Облака и звезды
Шрифт:
— Вот и наша Тридцать четвертая. — Шаповалов еще на ходу начинает вылезать из «козла».
— Мне ждать? — покорно спрашивает Коля.
— Да. Самую малость. Мы быстро!
Выйдя из машины, я оглядываюсь. Коля уже вытащил «Бражелона», полулежит на сиденье. Спешить некуда: столовая работает всего один час — пока идет обеденный перерыв.

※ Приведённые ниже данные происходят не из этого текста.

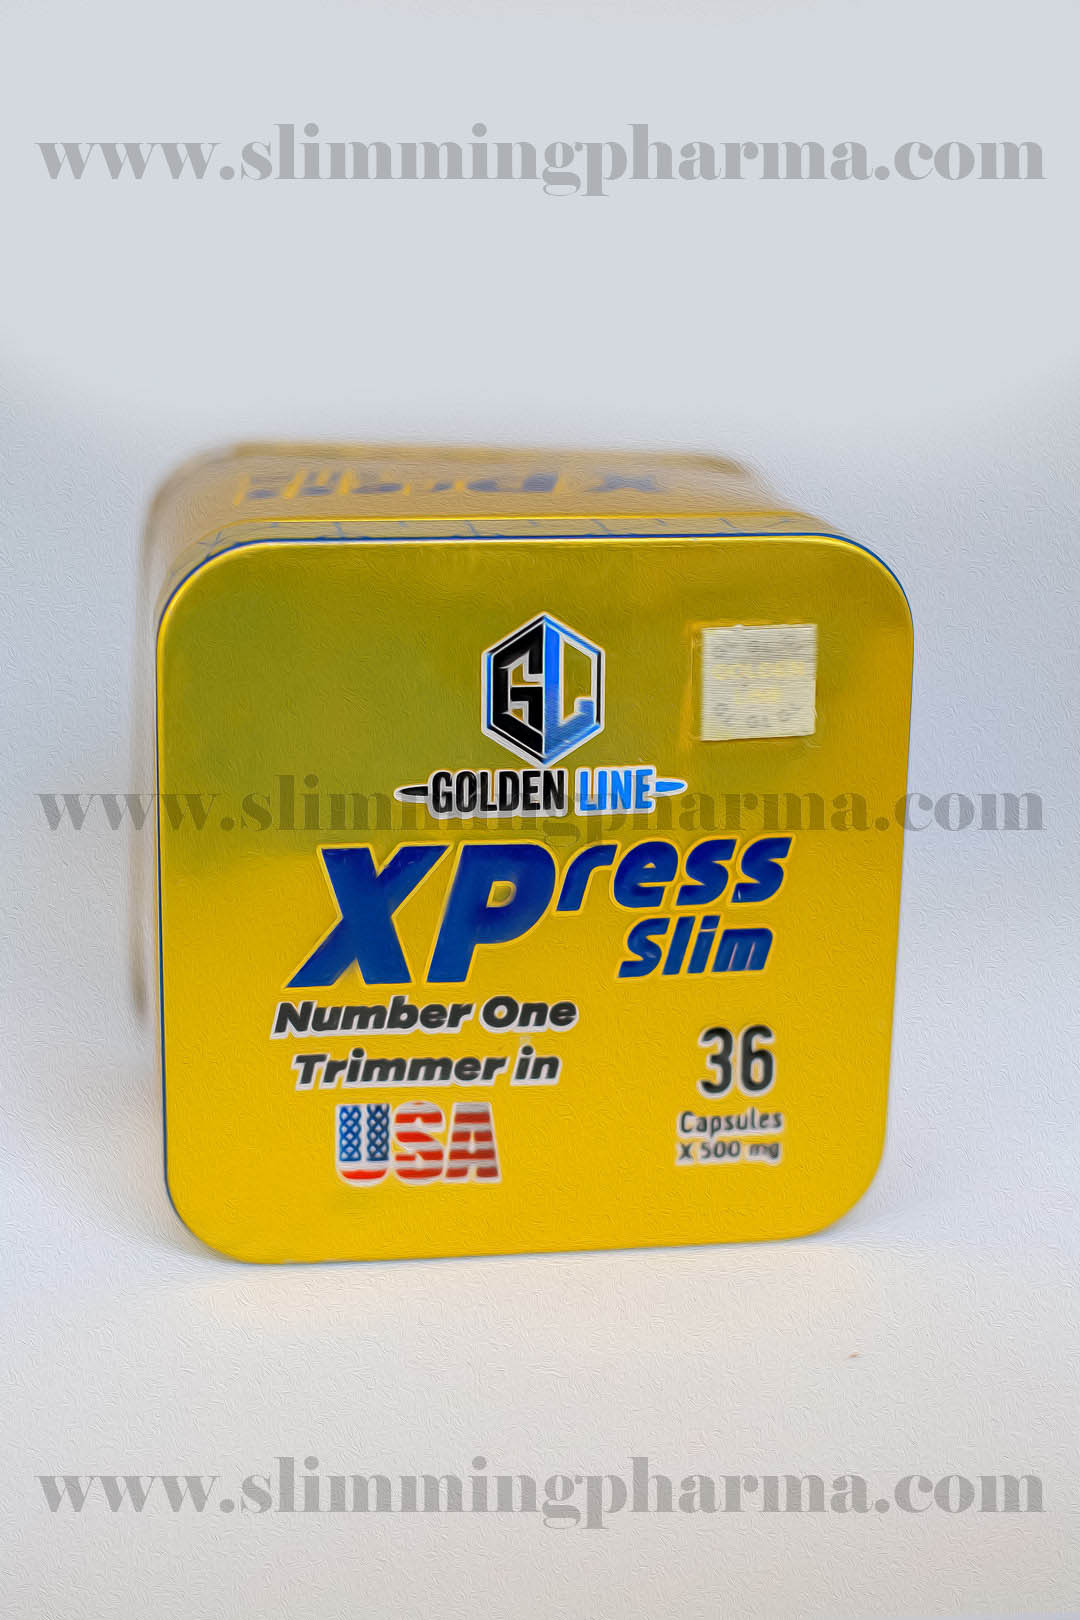 كبسولات اكسبريس سليم للتخسيس 36 كبسولة – xpress slim - Slimming Pharma
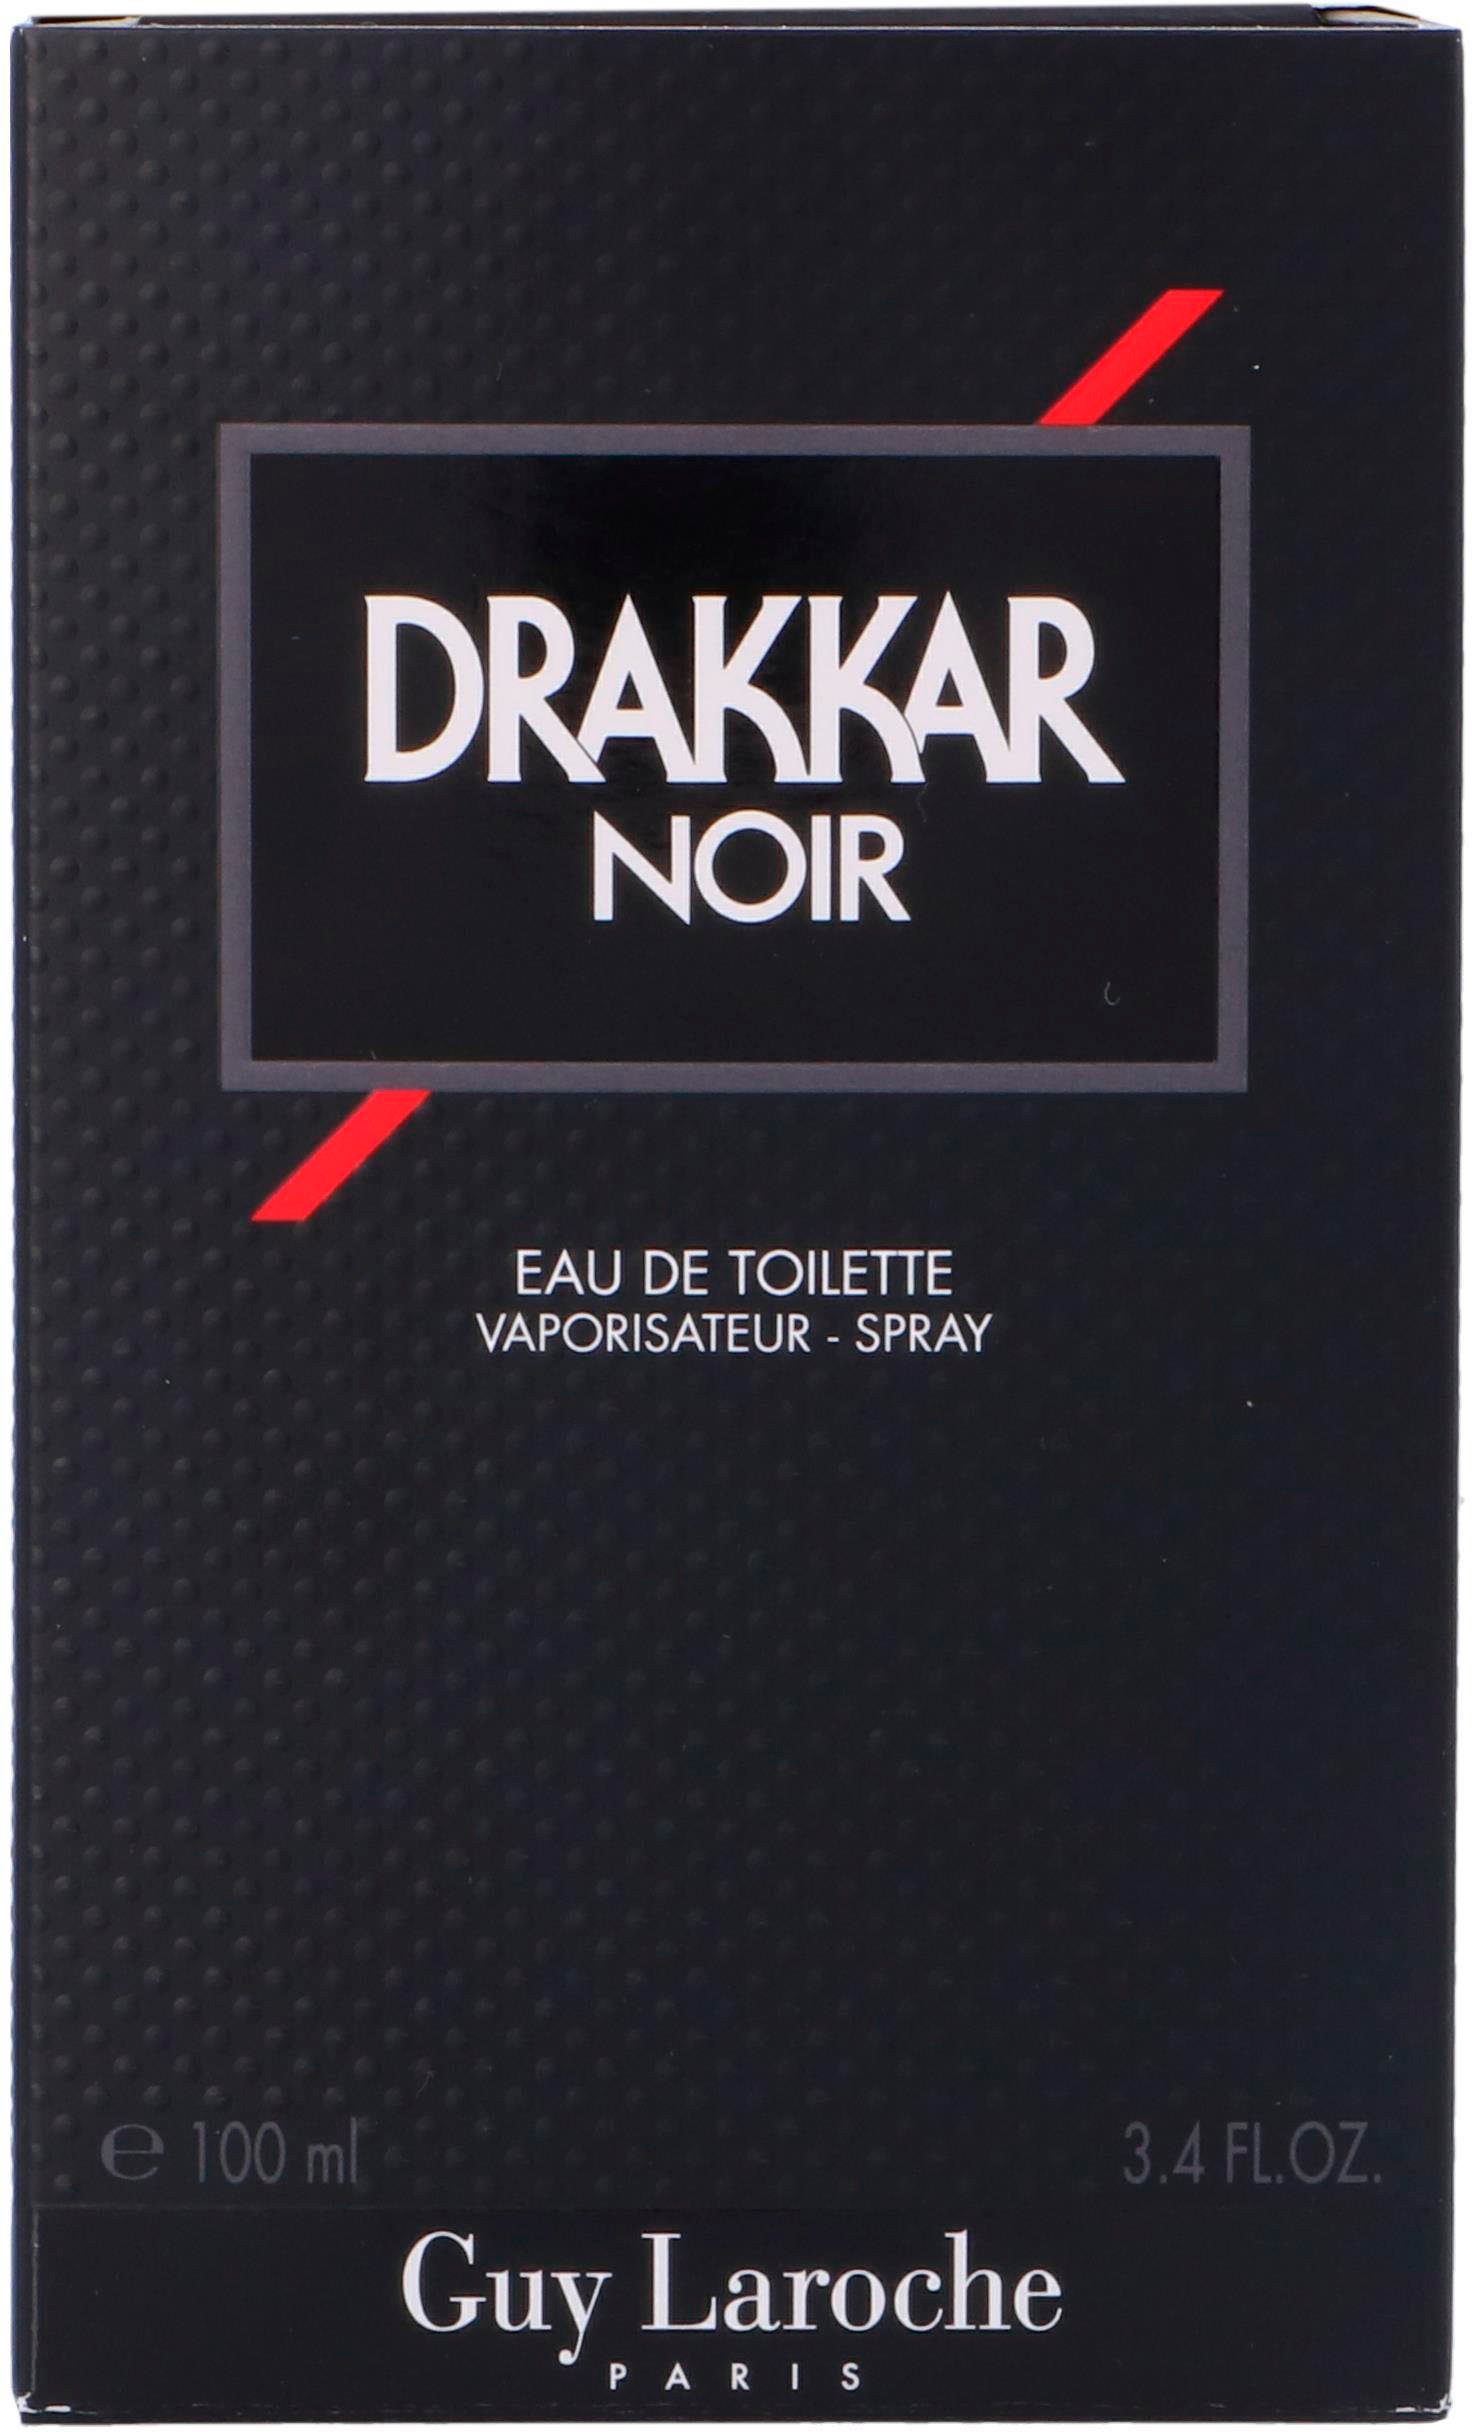 Eau Noir Toilette Guy de Drakkar Laroche

Шаповалов уже впереди. Я догоняю его.
— Элитная полоса, эталон для промышленных, для полезащитных целей.
Это он нарочно говорит таким стилем, говорит, чтобы несколько охладить себя, — ученый, лесовод, эмоции не положены. Но я-то вижу, по глазам за очками вижу: он еще издали любуется Тридцать четвертой.
Она старая — шестьдесят семь лет, посажена Георгием Федоровичем Морозовым в девяносто девятом году, еще при жизни Докучаева. Сейчас это почти чистая дубрава. Дубы — самые прекрасные деревья нашей земли — прямые, мачтово-стройные, легко и сильно вздымают к небу неотличимо похожие стволы. Если, закинув голову, смотреть на их вершины, кажется — дубы летят. Но дубы стоят нерушимо, и оттуда, сверху, доносится их невнятный, из-за большой высоты еле слышный, сухой шорох. Светло-коричневые листья давно побиты утренниками, высохли, но еще крепко держатся на ветках, держатся до первой метели, до ноябрьских холодов.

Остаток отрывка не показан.